Hay cosas que no cambian: las fotos. Muerta, viva solo en el recuerdo, sigue siendo motivo de postal. En un alejado pueblo japonés, a doscientos kilómetros de Tokio, una base pesquera importante, un antiguo marinero de Japan Tuna enseñó al periodista canario, entre sus pertenencias más queridas, un timple, un trozo de lava de La Isleta? y una foto de grupo con Lolita Pluma. En un español comanche, aprendido sin duda en Andamana y cercanías, aseguró nostálgico: “Gran Canaria, Lolita, Santacatalina parken”, y enseñó una jaula de verguilla con un pájaro canario auténtico, pero disecado, comprado en los muelles.

“La gente que me mira y hace relajo al lado mío, es que son unos envidiosos”, zanjó los cuchicheos de unos mirones, asombrados ante su “sencillez y orgullo” con un traje que parecía sacado de un atrezo del Pérez Galdós. “Mira, mi niño, desde que me levanto, dale que dale, camina que te camina para buscar unas perrillas? Si no fuera por este sacrificio (y miraba a sus ‘gatitos’, que la contemplaban fijamente, como si la entendieran. “Después de comer, vengo todos los días para atenderlos”.

María Dolores Rivero Hernández nació en La Isleta pero de familia aruquense.
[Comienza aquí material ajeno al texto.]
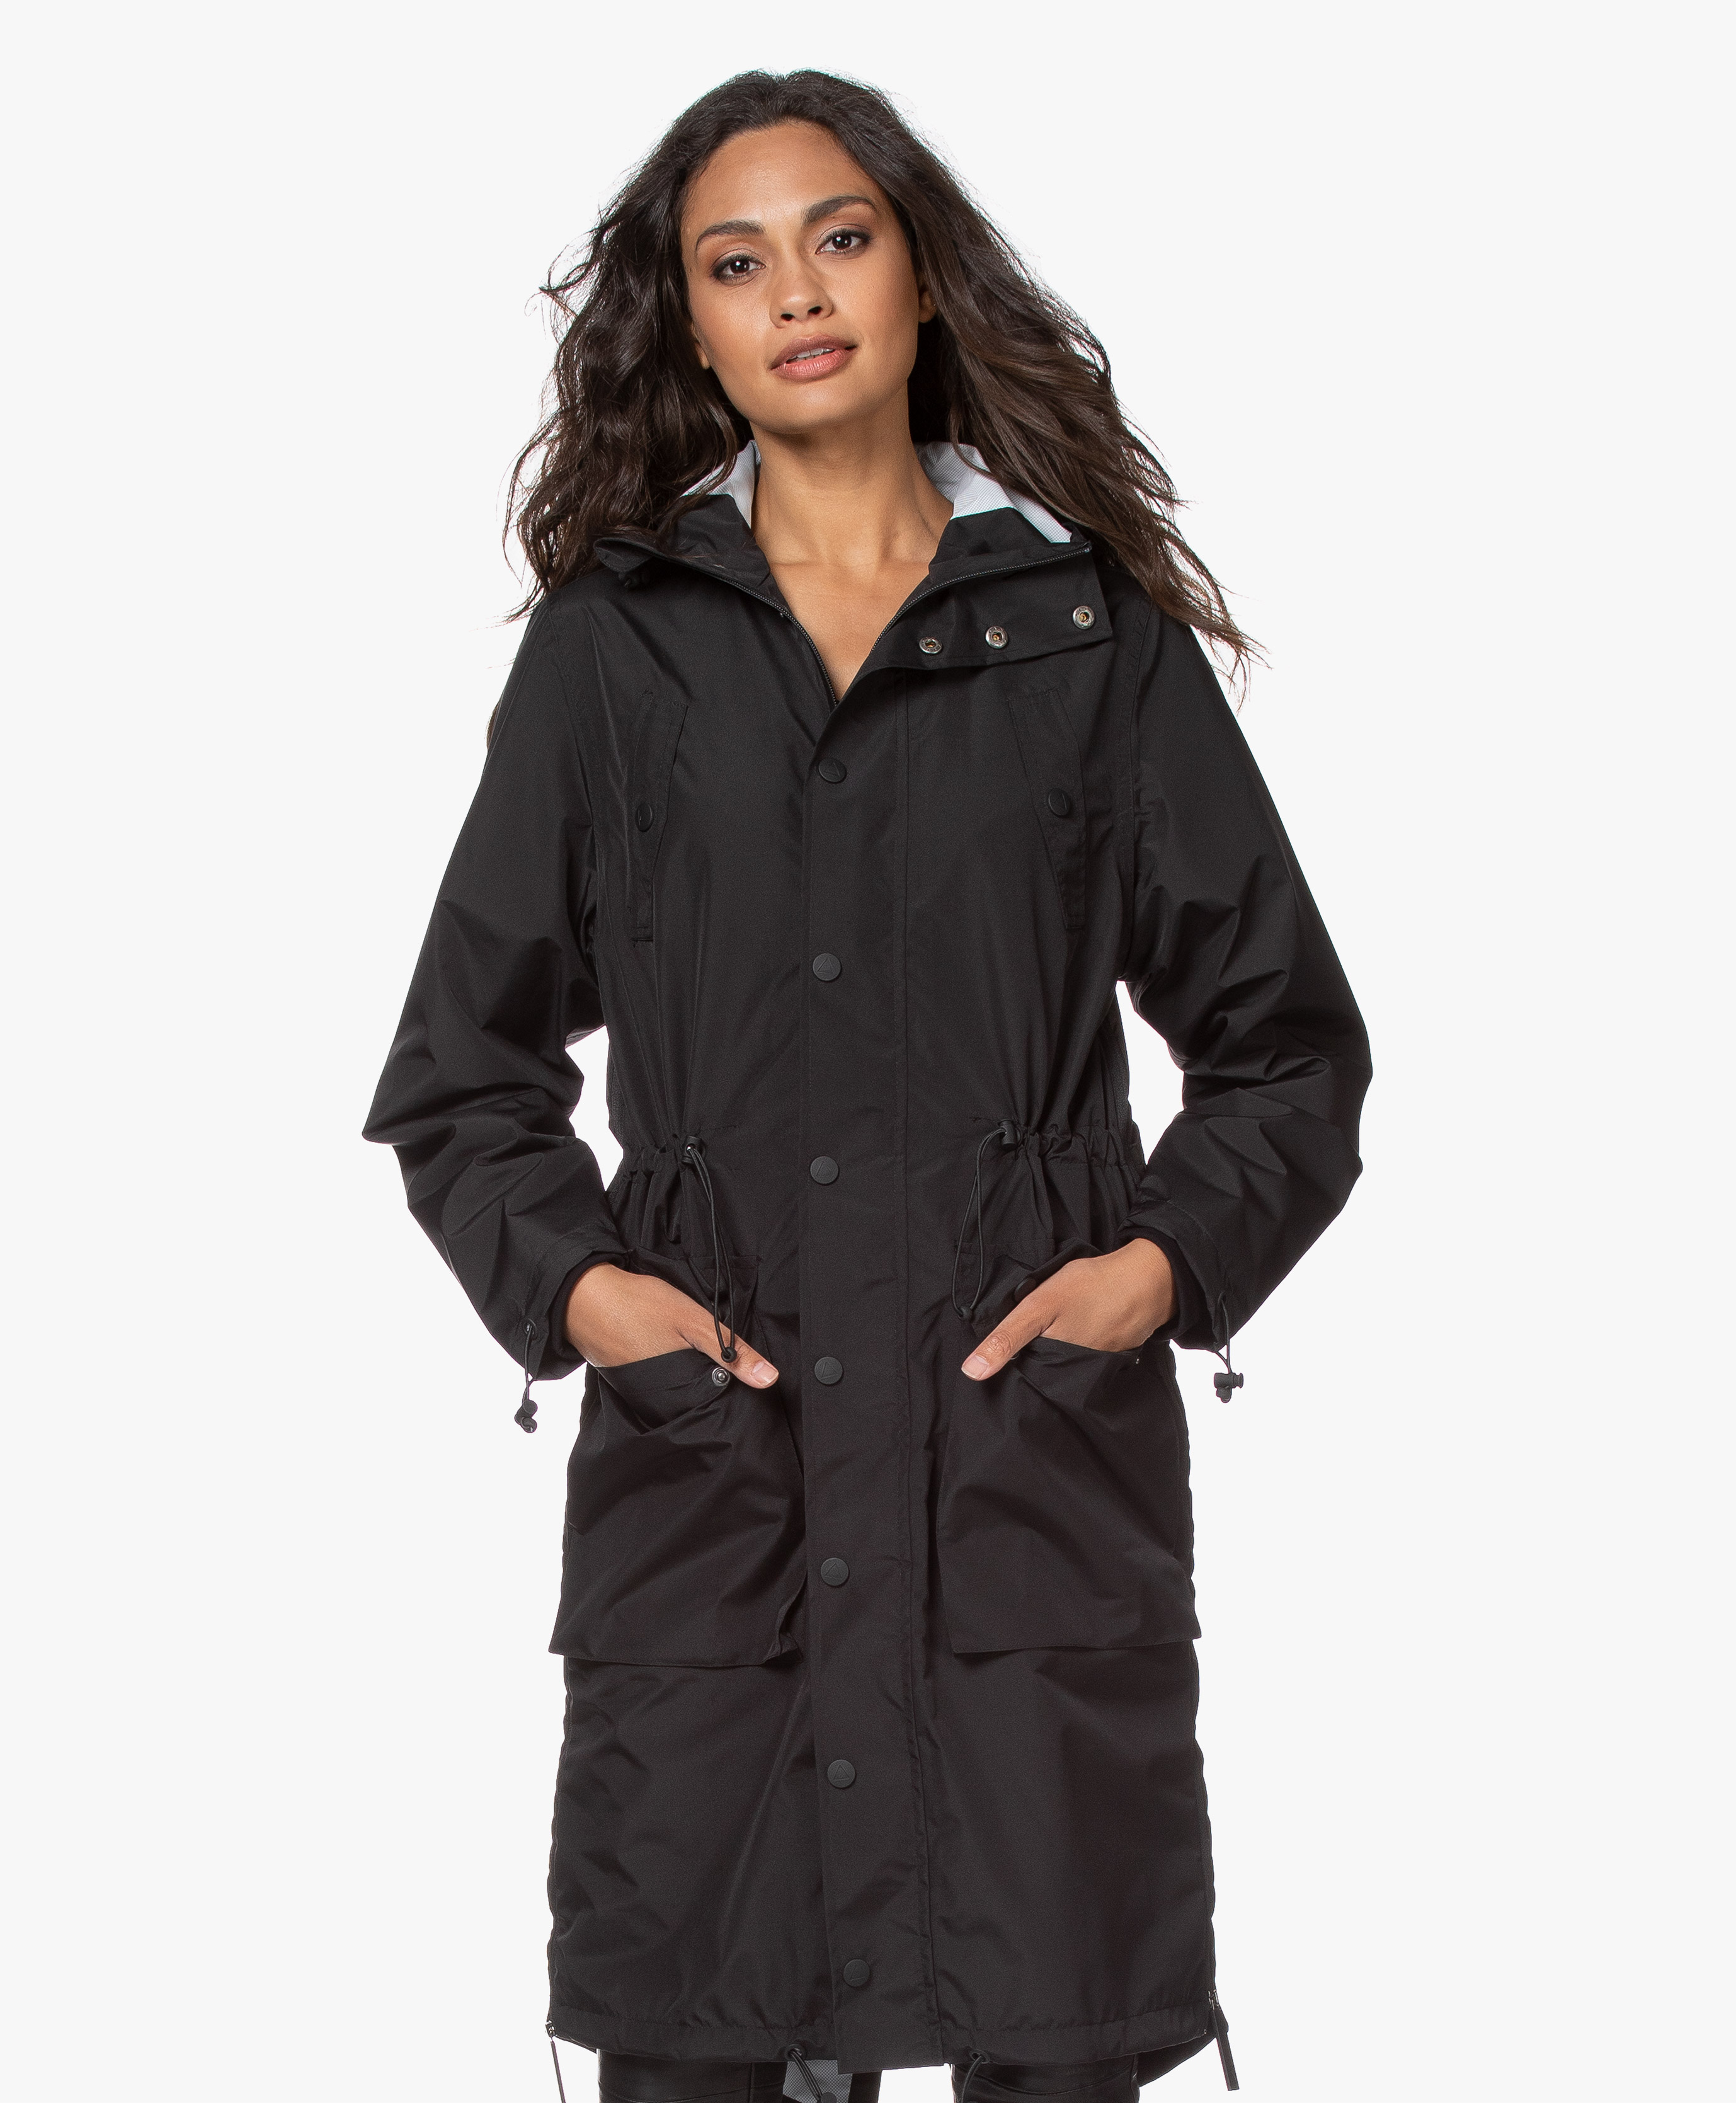 Maium Rainwear 2-in-1 Parka Lightweight Raincoat - Matt Black - maium ...

En principio nada presagiaba lo que el destino le preparaba detrás de una vuelta del camino. Se casó, se separó, vivió a su aire, en los márgenes de la sociedad. Vendiendo flores, ayudada por los amigos, limosneando con orgullo. El alias, Pluma, era una herencia: su abuelo, y su padre eran unos privilegiados: sabían escribir y utilizaban plumillas. Nacida en 1904 murió a los 83 años, en 1987, en el Hospital Insular. Tuvo una vida torcida. “De pequeña me gustaba ser cantante. Cantar y triunfar. Ese era mi sueño, porque yo cantaba bastante bien, pero ya ves como es la vida?”. Muy seria aseguró que ella nunca dejaría el parque, y así terminaba aquella crónica de marzo de 1967, preñada de ingenuidad: “Estará mañana aquí, mañana y todos los días”. El “no me moverán” lo tenía siempre en la punta de la lengua.
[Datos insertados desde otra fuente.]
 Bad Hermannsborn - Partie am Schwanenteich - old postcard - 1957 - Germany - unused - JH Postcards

Quien se divertía hablando con ella en la terraza del Derby, cuando el Derby era el Derby, porque el parque era el Parque, el alcalde Juan Rodríguez Doreste, que la apreciaba de veras. Un día ella, obviando la condición de su interlocutor, harta de los problemas, de las desidias, de la madeja, sentenció que “a todos los políticos les haría como a las jareas”.

La estatua tamaño natural financiada por Toyota, inaugurada con asistencia de empresarios y políticos, y un buen gentío el 26 de abril de 1998, hizo posible su sueño: vivir siempre en el Parque. Rodeada de sus gatos.

Polo, el misterioso grabador

En la terraza del Casablanca tenía su taller portátil un catalán misterioso, siempre callado, embebido en su trabajo de grabador de metales, que se llamaba Polo, Leopoldo Ortega, siempre en la misma mesa, siempre con una jornada laboral rígida, pero no asesina: de once de la mañana a dos de la tarde. Siempre emperchado, chaqueta, chaleco, corbata.

Hasta allí se acercaban los clientes para que le grabara a mano el nombre en una pluma de regalo, comprada en Martell o en Miami, o en los cientos de bazares indios, o para una dedicatoria en una bandeja de plata, o para dejar huella de amor en un anillo de boda o en un colgante. Era limpio y cumplidor, a pesar del ungüento amarillo. Siempre con una bilbaína en la cabeza, y con gafas de gruesos vidrios de vista cansada. Con varios huecos en la dentadura, que quedaban a la vista cuando se reía, cosa que ocurría pocas veces. Desplegaba sobre la mesa, con mantel a cuadritos verdes y blancos, sus útiles laborales. Y un vaso de vino tinto, que bebía a sorbos. Silencioso, muy a lo suyo, hablaba con muy poca gente. Saludaba afable a Lolita, y a Pepe el betunero, con quien charlaba de sus viajes, a media docena de comerciantes de los alrededores, y, claro, a los camareros que le atendían con deferencia y familiaridad.

Fue un vivalavida, que vivió a su aire. Sin ataduras, decía, quizás con una pizca de arrepentimiento, por si las cosas hubieran podido salir de otra forma. “Y tú, hijo, estudia, para que seas un hombre de provecho?”, aconsejaba a los chiquillos que mosconeaban intrigados por el movimiento del punzón. No quiere hablar, pero si se utiliza la pinza del dentista las palabras se van arrancando como muelas. Nació en 1896 en Barcelona en un ambiente militar: abuelo general, padre coronel, fallecido cuando él era muy joven: chico rebelde. A los catorce años se fuga de su casa y aparece en una compañía de comedias. Se hizo actor y viajó por toda España. “He cultivado todos los géneros teatrales y en todos -miraba muy fijamente al decir esto, como queriendo garantizar la verdad- he tenido igual éxito”.

Pero sólo aguantó dos años. Entonces se dedicó a matar ratas, cucarachas y chinches “con gas asfixiante”. “Fue interesante la experiencia -reflexionaba el periodista en ciernes- de un cambio radical: de artista a matarratas”. En 1931 se hace chófer de autobuses en Santander y en Alicante. Allí le coge la guerra civil y fue requisado para el parque móvil republicano. Al llegar los franquistas se enrola en la legión Cóndor. “Yo era Polo, el grabador de la compañía”. Nunca aclaró qué grababa.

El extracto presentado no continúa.